Global Stats
Overview
This document details the architecture and aggregation logic powering the global statistics endpoint (/api/global_stats). This system calculates live, overarching statistics about the synchronization of public transport stops between ATLAS and OpenStreetMap (OSM) based on active filter criteria.
Data Schema Context
To understand the global stats aggregation, it's essential to map out how stops are modeled and relate to each other:
In our domain, an OSM stop can represent complex logical units (e.g., pairs or trios of nodes). Statistics must properly track these logical units, treating them as matched when their constituent nodes meet specific success criteria.
Request Filtering Contract
The global stats query uses the canonical filter model defined in 6.2 Filters and Search logic. This includes stop scope, match methods, smart-search tokens, ATLAS attributes, OSM attributes, OSM groups, duplicate filtering, and Top N distance mode.

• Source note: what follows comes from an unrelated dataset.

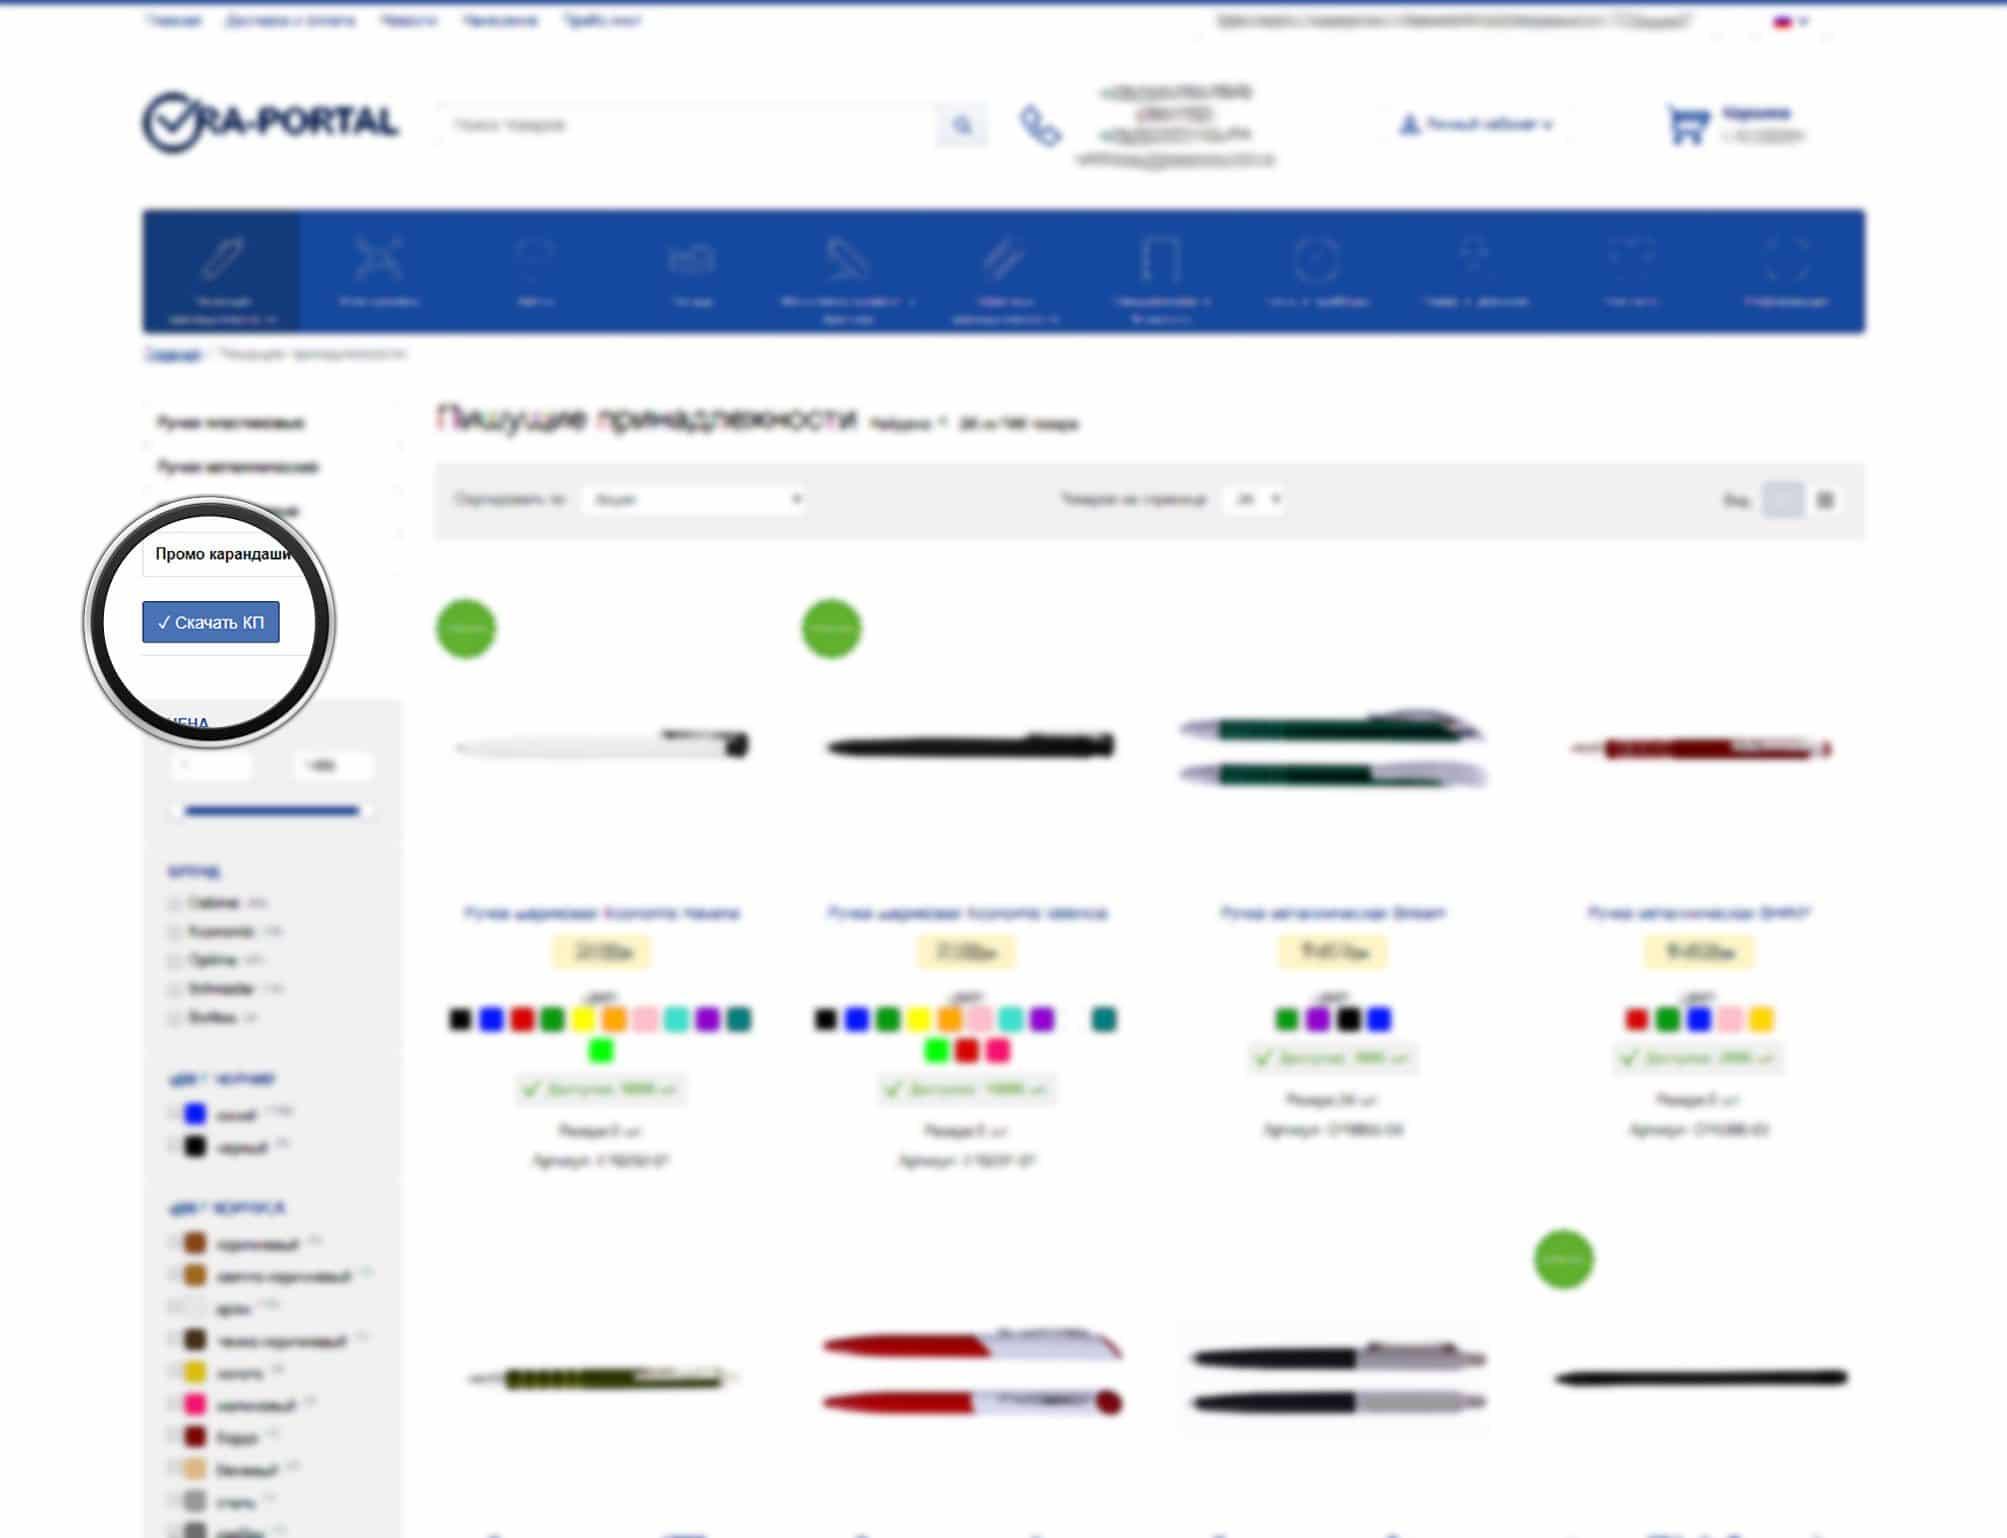 Разработали портал (интернет-магазин) для B2B агенств imagecms
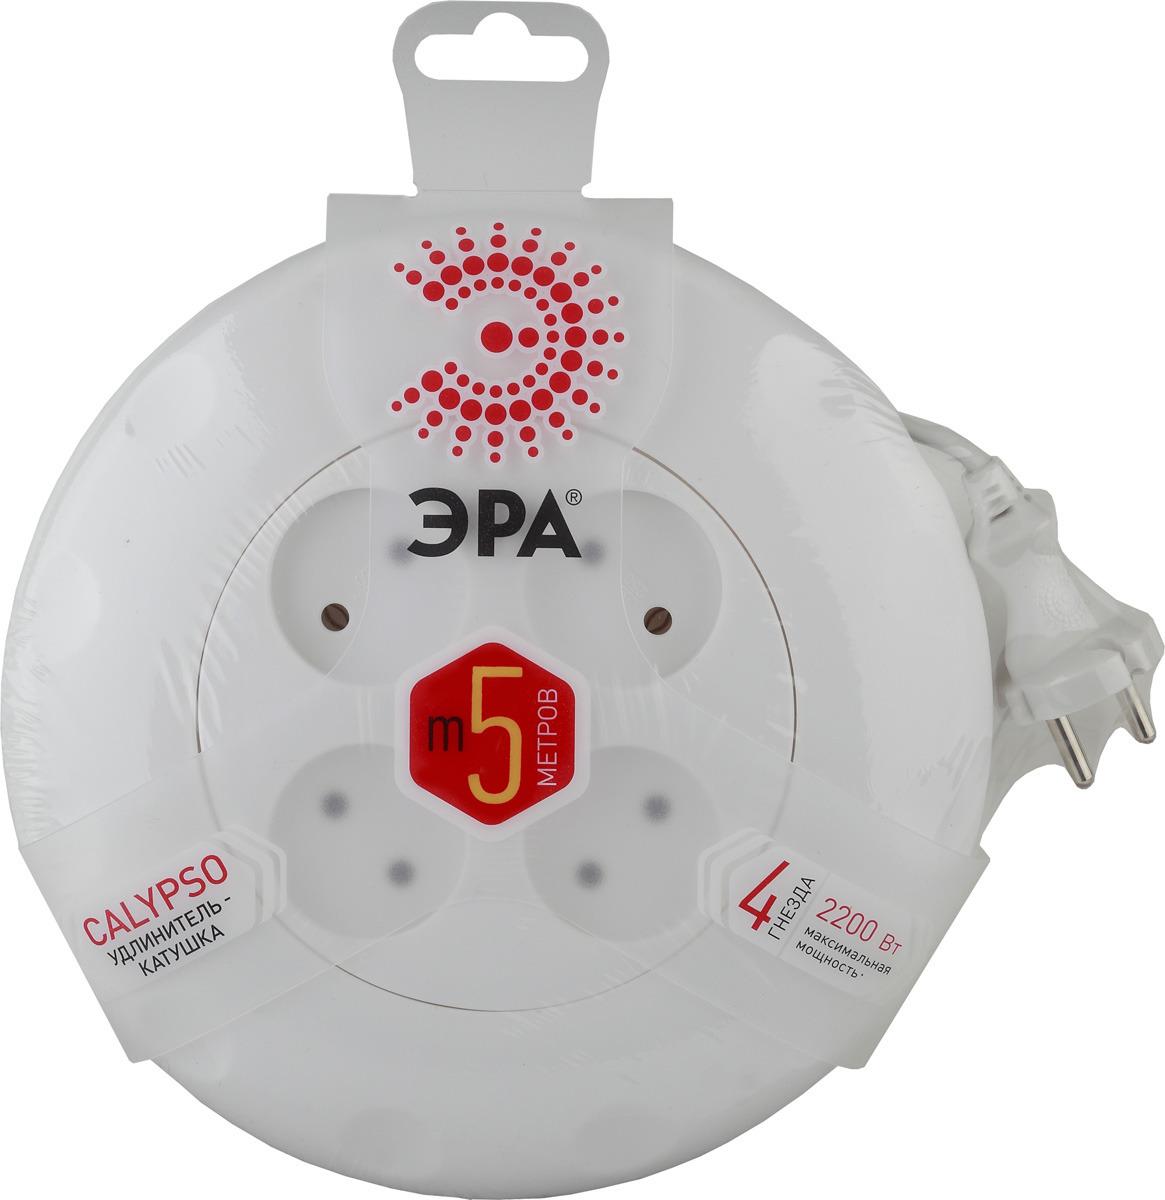 Удлинитель ЭРА без заземления, 4 розетки, U-1-3m, белый, 5 м удлинитель эра u 3 3m белый

The stats-specific rule is scope: /api/global_stats is filter-scoped, not viewport-scoped. It mirrors the active UI filters, but it does not consume map bounding-box parameters (min_lat, max_lat, min_lon, max_lon).
Implementation-wise, /api/global_stats reuses shared filtering helpers (parse_filter_params, QueryBuilder.apply_common_filters, resolve_stop_type_match_filters, build_stop_scope_condition) to keep scope and attribute semantics aligned with other filtered endpoints.
Supported Request Parameters
_build_scoped_global_stats_query reads the same active filter parameters as the map summary:
| Parameter | Purpose |
|---|---|
stop_filter, match_method |
Stop scope and matched/unmatched sub-filters |
station_filter, filter_types, route_directions |
Smart-search tokens and route filters |
transport_types, osm_entity_types, osm_operator, osm_group_types |
OSM-side attribute and group filters |
atlas_operator |
ATLAS operator filter |
show_duplicates_only |
Structural ATLAS duplicate membership filter |
top_n |
Matched-only largest-distance slice |
There is no stats-specific cache-key builder in the current implementation.
Aggregation Logic & Optimizations
Calculating precise statistics in real time requires navigating large relationships, leading to complex count logic.
Denormalization of Match States
Historically, evaluating if a complex entity (like a trio) was successfully paired involved expensive cross-database subqueries. We bypassed this by utilizing denormalization.
During the data import/ingestion process, if a composite structure meets its match criteria (for example, both side nodes of a trio are successfully matched), the relevant node is flagged with stop_type = effectively_matched. At read time, the stats engine computes an internal effective_stop_type that treats matched and effectively_matched as matched for aggregation.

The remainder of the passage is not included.